Thursday, April 3, 2014

Definitional poetry: a cardinal number, ten times three


a cardinal number, ten times three



a negative used to express
denial or refusal:
acting as a single unit
used to indicate duty, propriety.
 
to possess a distressing emotion
aroused by impending evil, pain,

etc.; that people in general
(about, or going to)-
roused from sleep toward a more
elevated position;
 
and, to come upon by chance
(at that point in an action, speech,
etc.): a second person, singular.
 
of be; a set of this many persons
or things: an unjust exertion,
division of the species,
coitus!!!: to irritate, annoy or cause
resentful displeasure, vigorous,
immediately following-
in time- movable, usually solid…
 

 

Source (a sentence, within)

Ward, Mike & Hassan, Anita. "Neighbors Outraged Over Sex-Offender Home.’" Houston Chronicle 3 Apr. 2014: A1.

 

Note:

I kind of enjoyed this, and this will likely require multiple readings if making sense is a thing you want in what you read.
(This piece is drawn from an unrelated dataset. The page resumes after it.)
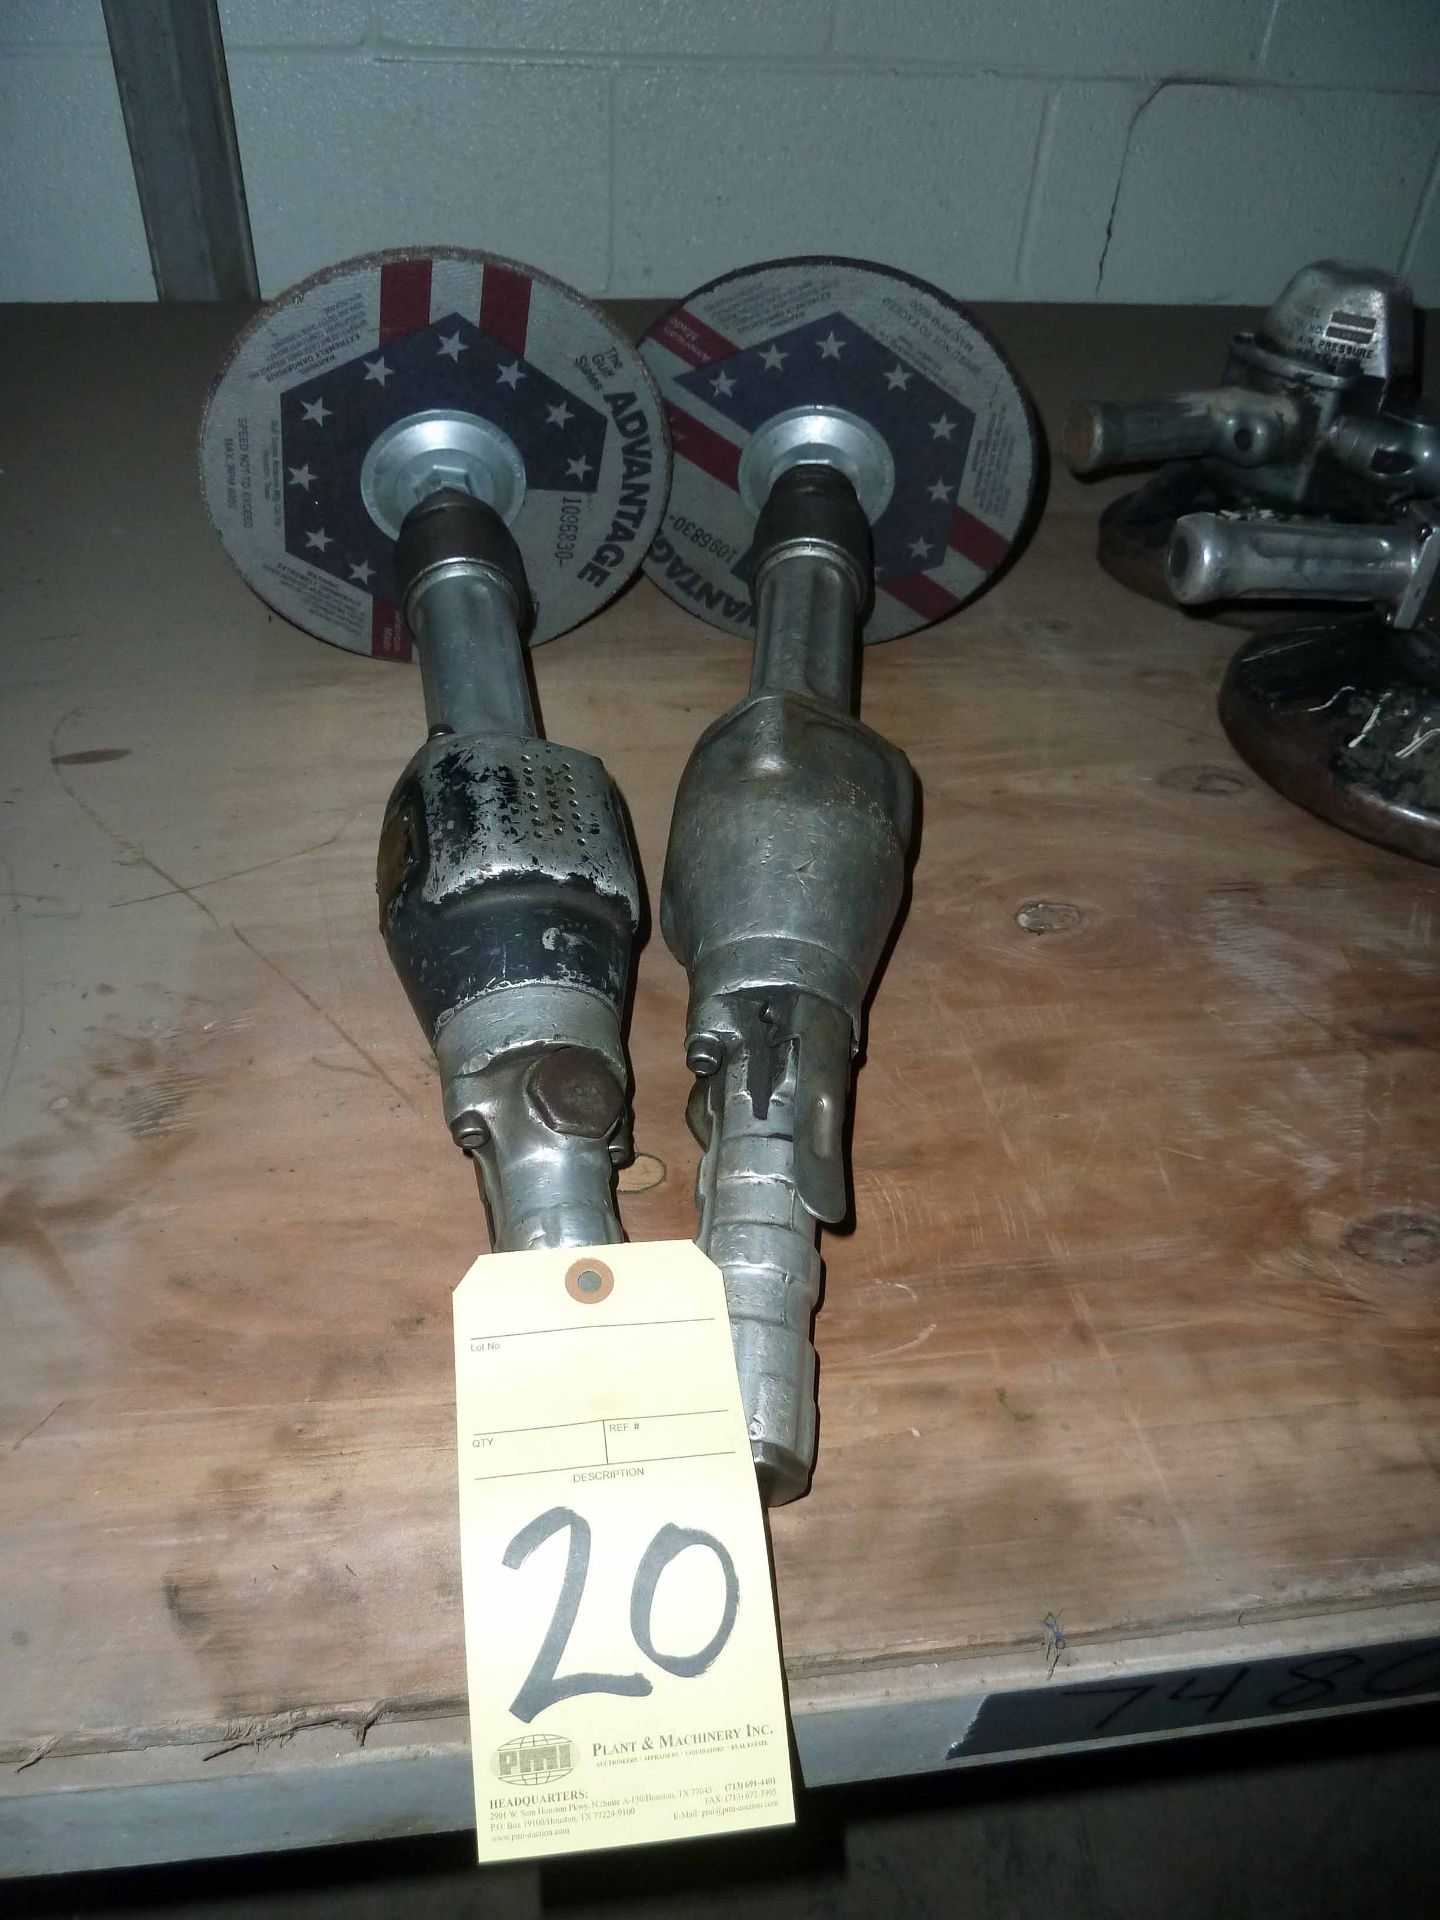 LOT OF EXTENDED PNEUMATIC GRINDERS (2), 7"

I started with a single, albeit long sentence, which is also a quote within the article. (I had planned on starting with a very short sentence and then letting things flower more fully, but this sentence leaped out at me on the front page and I couldn’t really resist seeing what it would become).



In essence, I kept the definition of each word, or rather I selected definitions of the word and then trimmed some non-essentials, while keeping the definitions from the online dictionary intact, albeit trimmed. I *did* play around quite a bit with punctuation and spacing. This definitely embodies the notion that you don’t stop revising, you just eventually give up.
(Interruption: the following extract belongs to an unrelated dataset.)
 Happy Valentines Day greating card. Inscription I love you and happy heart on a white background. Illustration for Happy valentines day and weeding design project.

The sentence I started with was “No one should have to fear they will wake up and find 23 violent sex offenders living next door.” The article itself began with the phrase “Thirty sex offenders…” I liked the definition for thirty, so used it as the title of the poem.



The poem seemed to move from the particular and likely idiosyncratic to what may be a much more common description of human interaction and life.
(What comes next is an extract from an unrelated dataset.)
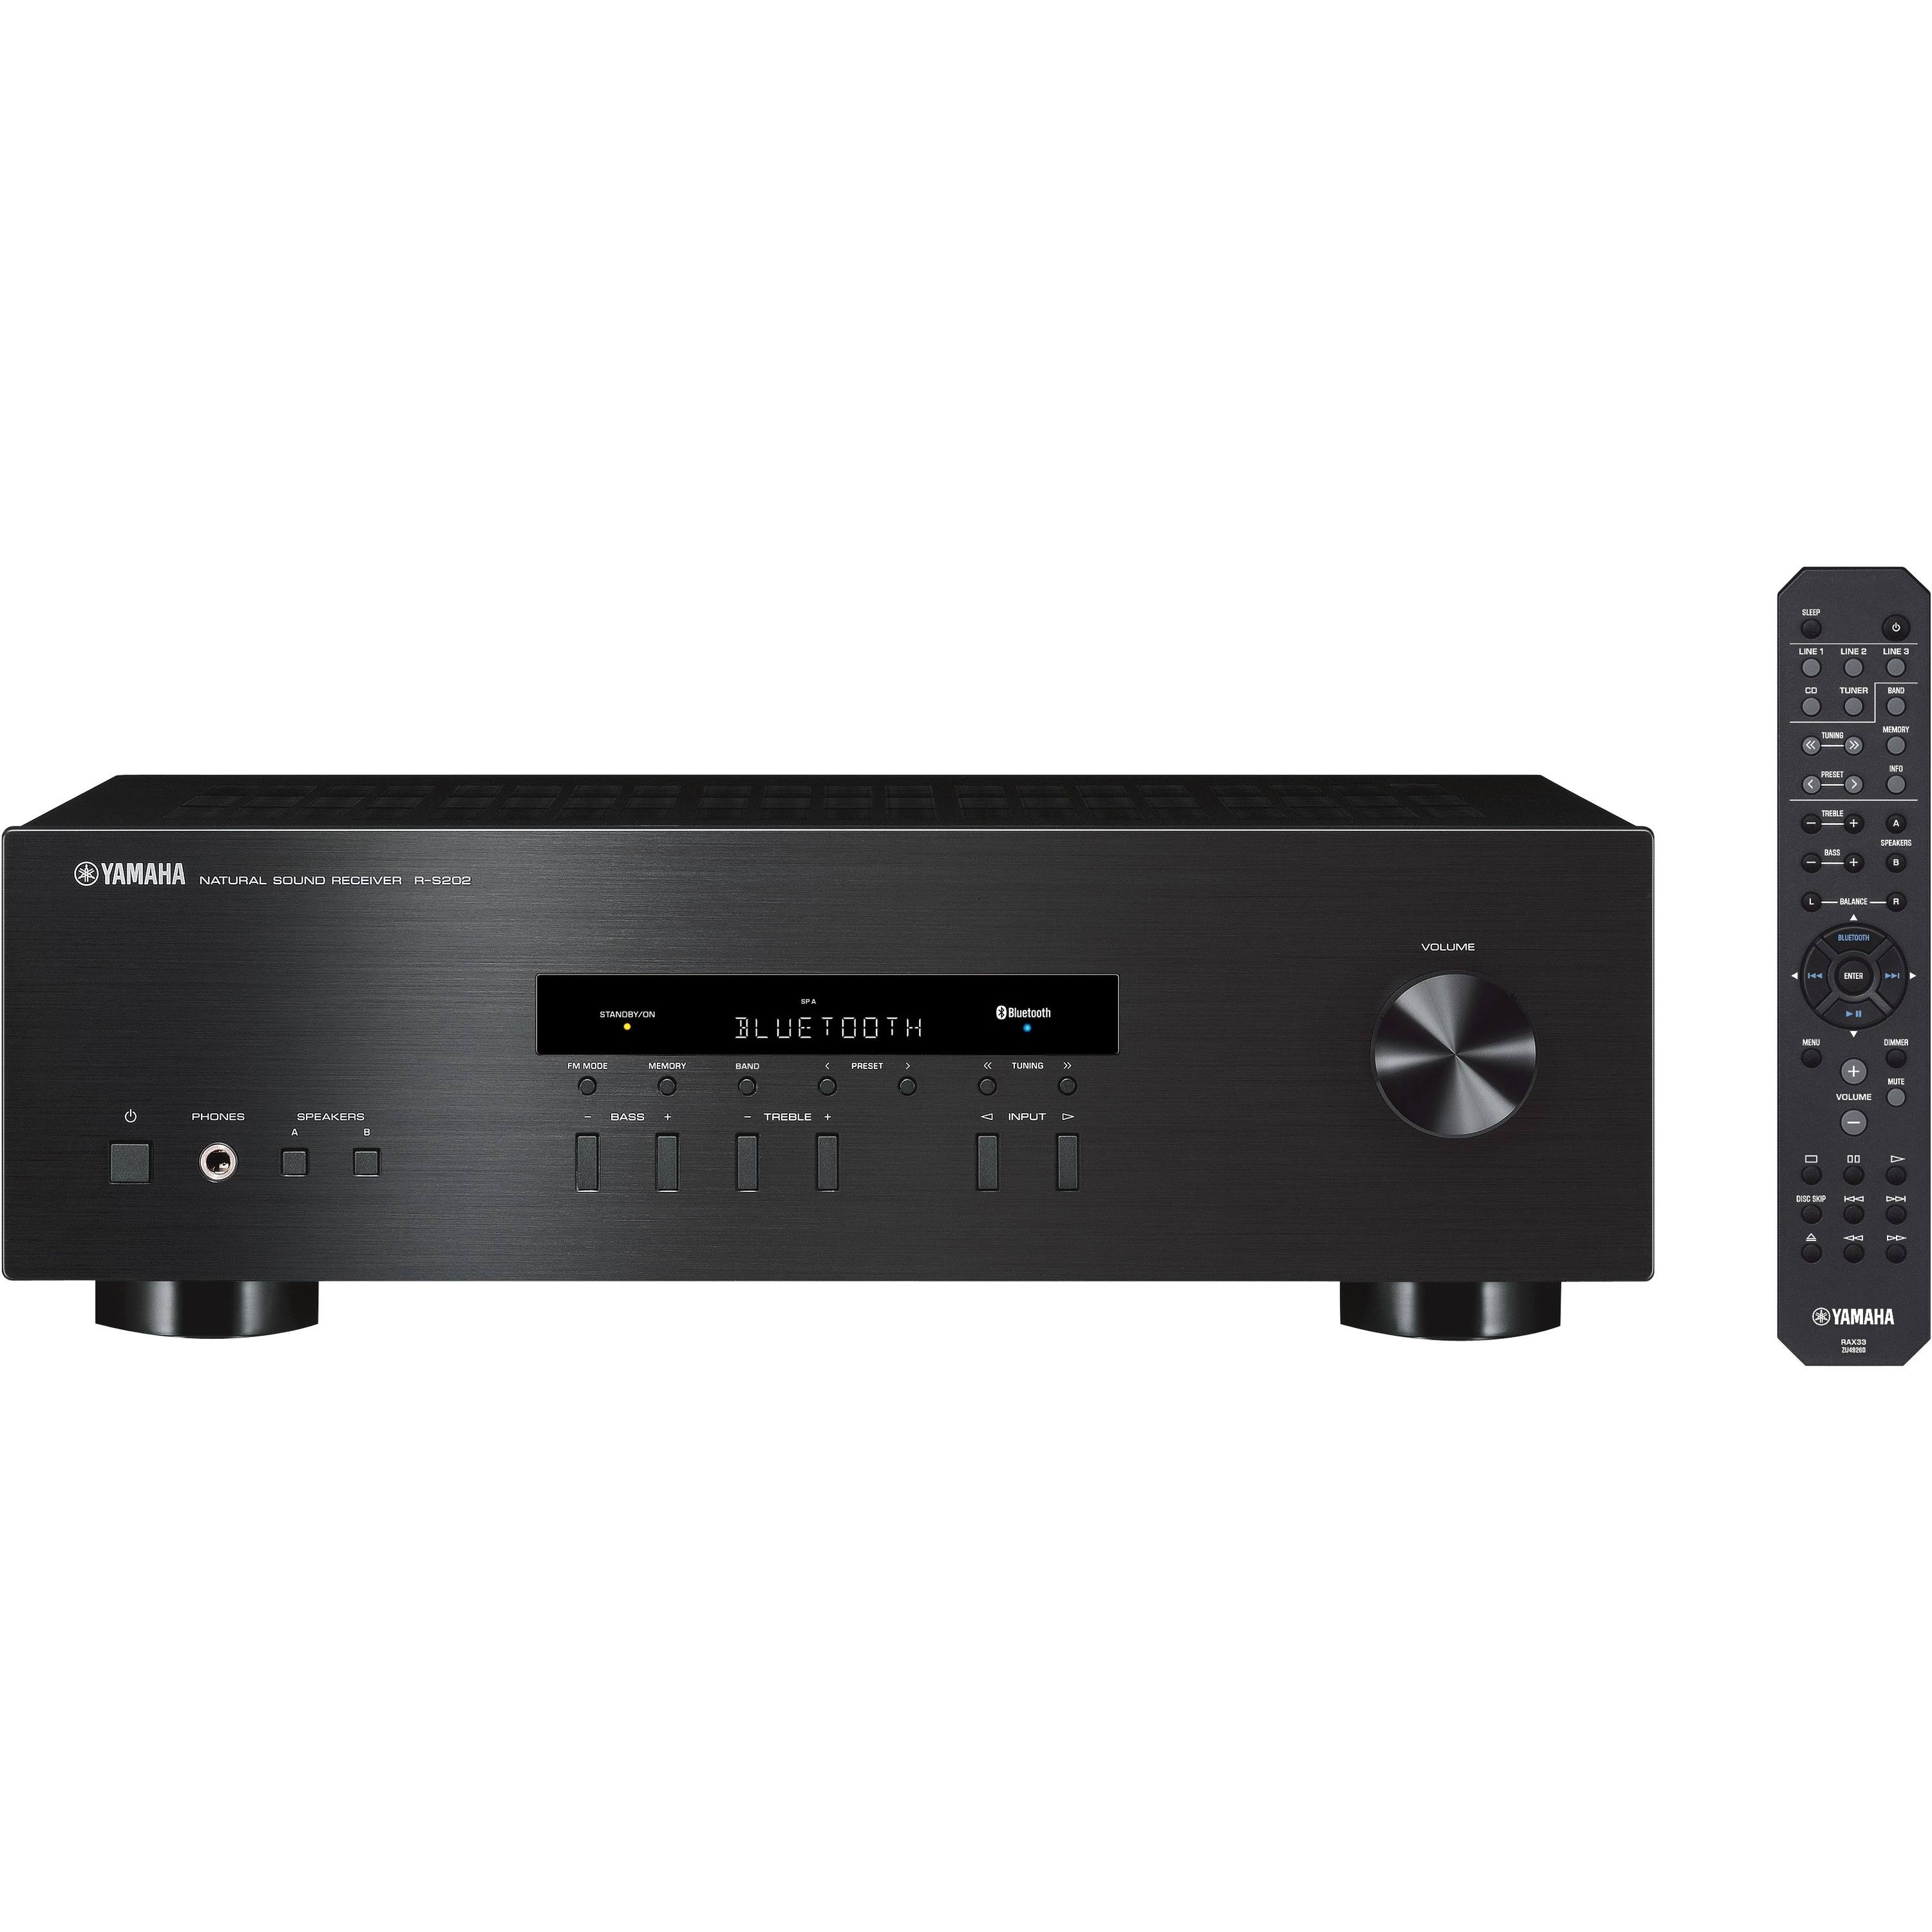 Yamaha R-s202 Stereo Receiver

Here is the prompt I was responding to:

 

Select a single sentence from a newspaper article. Replace each meaningful word in the text [verb, noun, adjective, adverb] by its dictionary definition. Repeat this treatment on the resulting sentence, and so on, until you’ve had enough! Note that after only two such treatments with a relatively compact dictionary, even a two-word sentence can produce an accumulation of 57 words.

1 comment:

S.E.Ingraham said...

Interesting how the alternate definitions take the nasty out of this...surprising in a way.